Use $dbh->tables to check for existence of tables (caution, may not work in DBI > 1.30).
=head2 0.08
Bug fix: add_mask() was not inserting masks
=head2 0.07
UPGRADE WARNING: collection table format changed, use new method $index->upgrade_collection_table() to recreate collection table. Calling initialize() method for a new collection will also upgrade collection table. Index backup recommended.
Added error_ prefix to error message column names in collection table
Added version column to collection table
Added language column to collection table, removed czech_language column
UPGRADE WARNING: instead of new({ czech_language => 1}), use new({ language => 'cz' })

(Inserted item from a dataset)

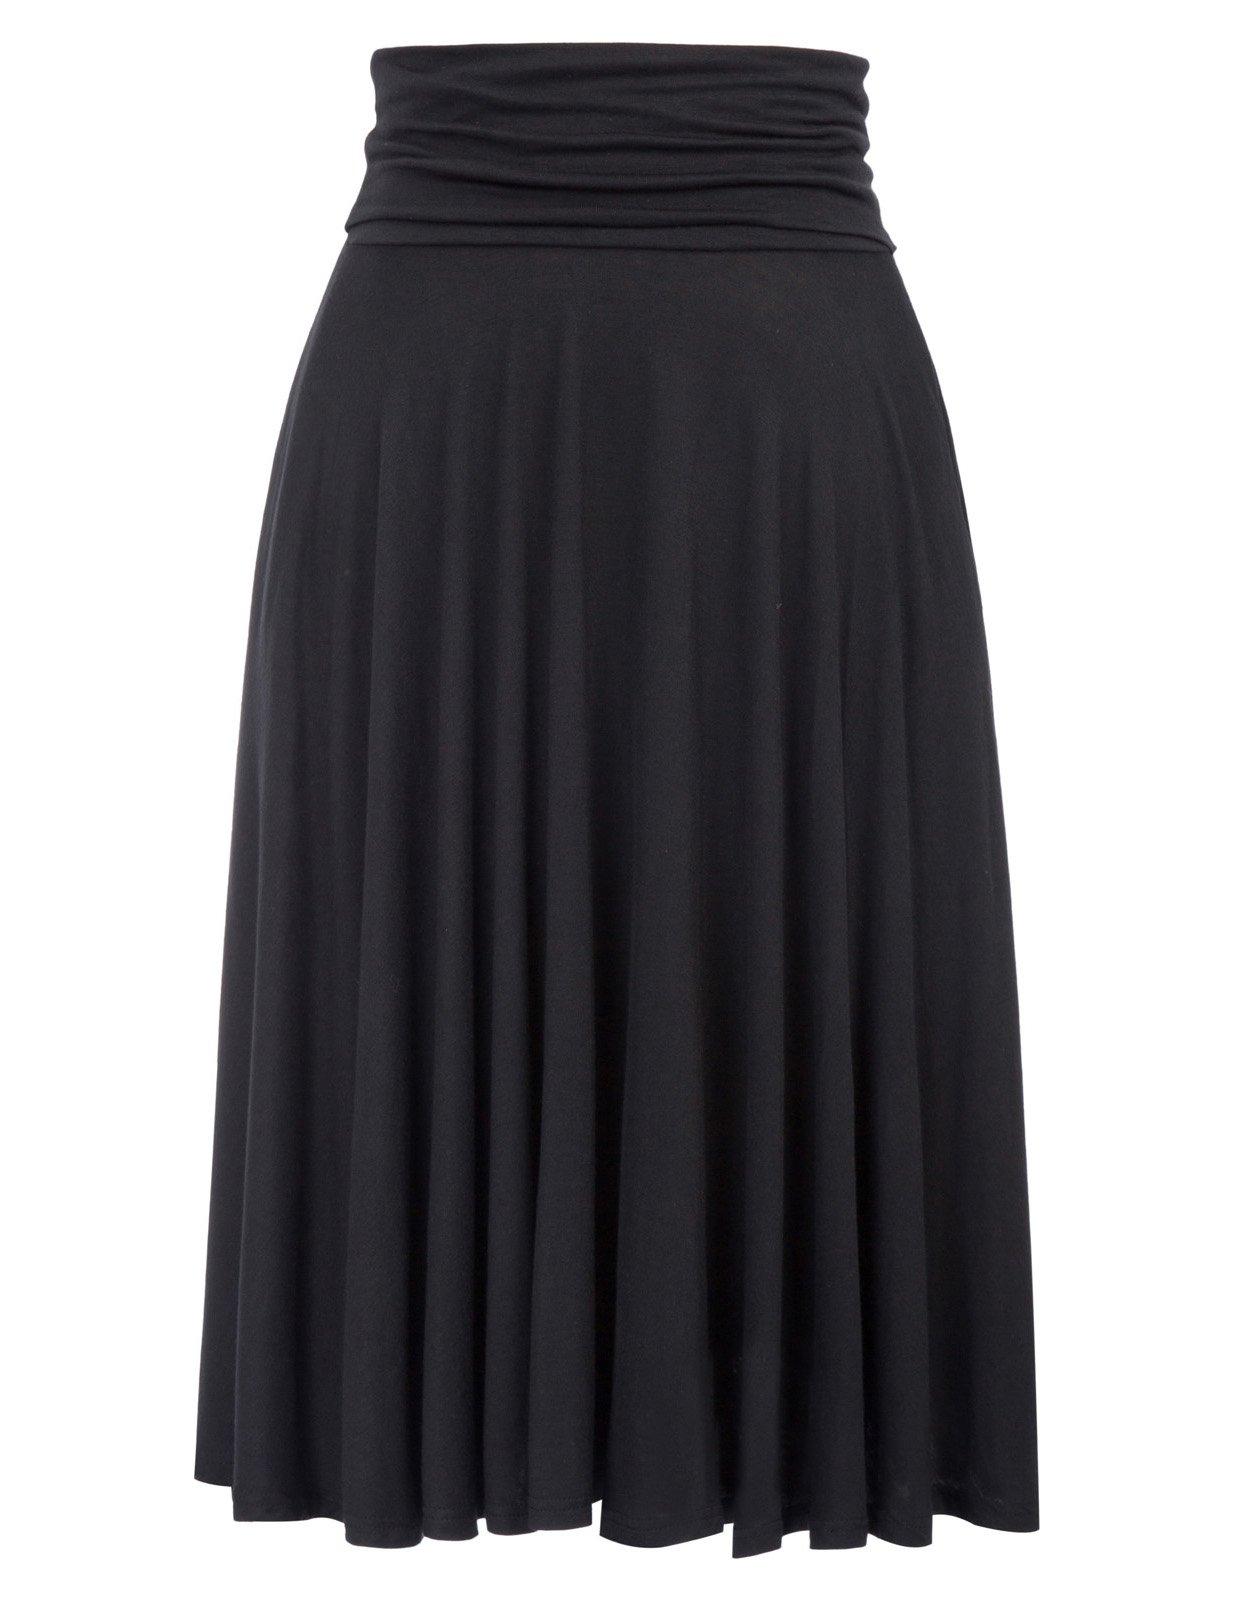 Kate Kasin Stretchy High Waist Midi Skirts for Women Knee Length (L,Black)

Bug fix: storecollection_info() error if stop lists are not used
unscored_search() will now return a scalar error message if an error occurs in search
search() will croak if passed an invalid field name to search on
Added documentation for mask operations
=head2 0.06
tripie's patch v2 updates:
I've written a new module HTML::Highlight, that can be used either independently or together with DBIx::TextIndex. Its advantages include:
The module provides a very nice Google-like highlighting using different colors for different words or phrases.
The module works together with DBIx::TextIndex using its new method html_highlight().

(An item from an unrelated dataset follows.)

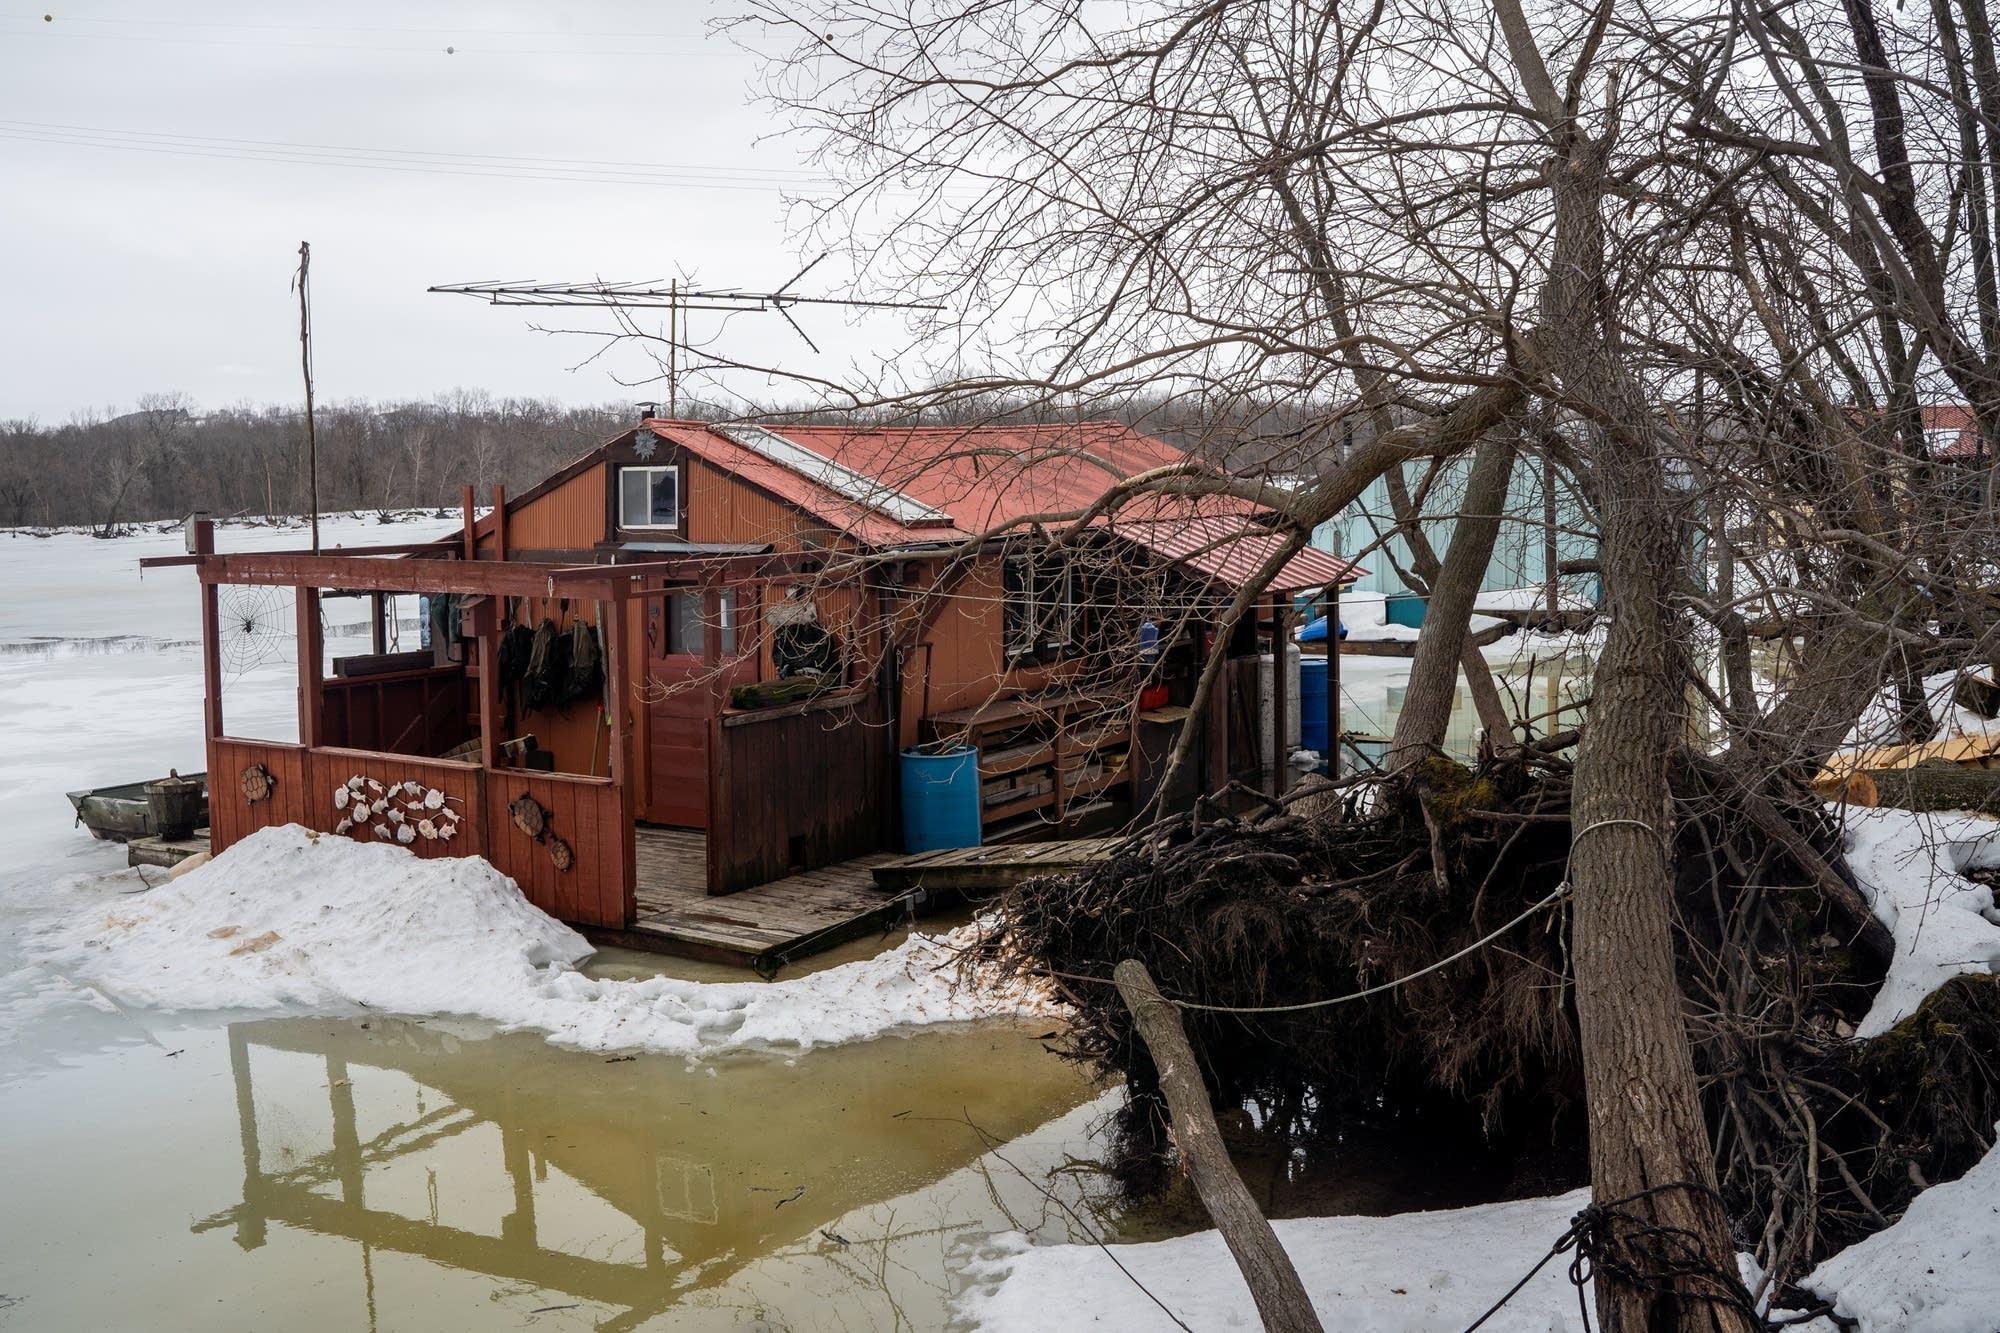 Ice and snow encase John Rupkey's home on Latsch Island.

The module can also be used to preview a context in which query words appear in resulting documents.
tripie v1 changes:
NOTE: tripie proximity index is replaced with newer compact index
structure as of version 0.22
added proximity indexing
NOTE: as of version 0.20, this syntax has changed: "some phrase"~3
rewrote the word splitter and query parser
added partial pattern matching using wildcards "%" or "*"
the "%" character means "match any characters"
car% ==> matches "car", "cars", "careful", "cartel", ....
the "*" character means "match also the plural form"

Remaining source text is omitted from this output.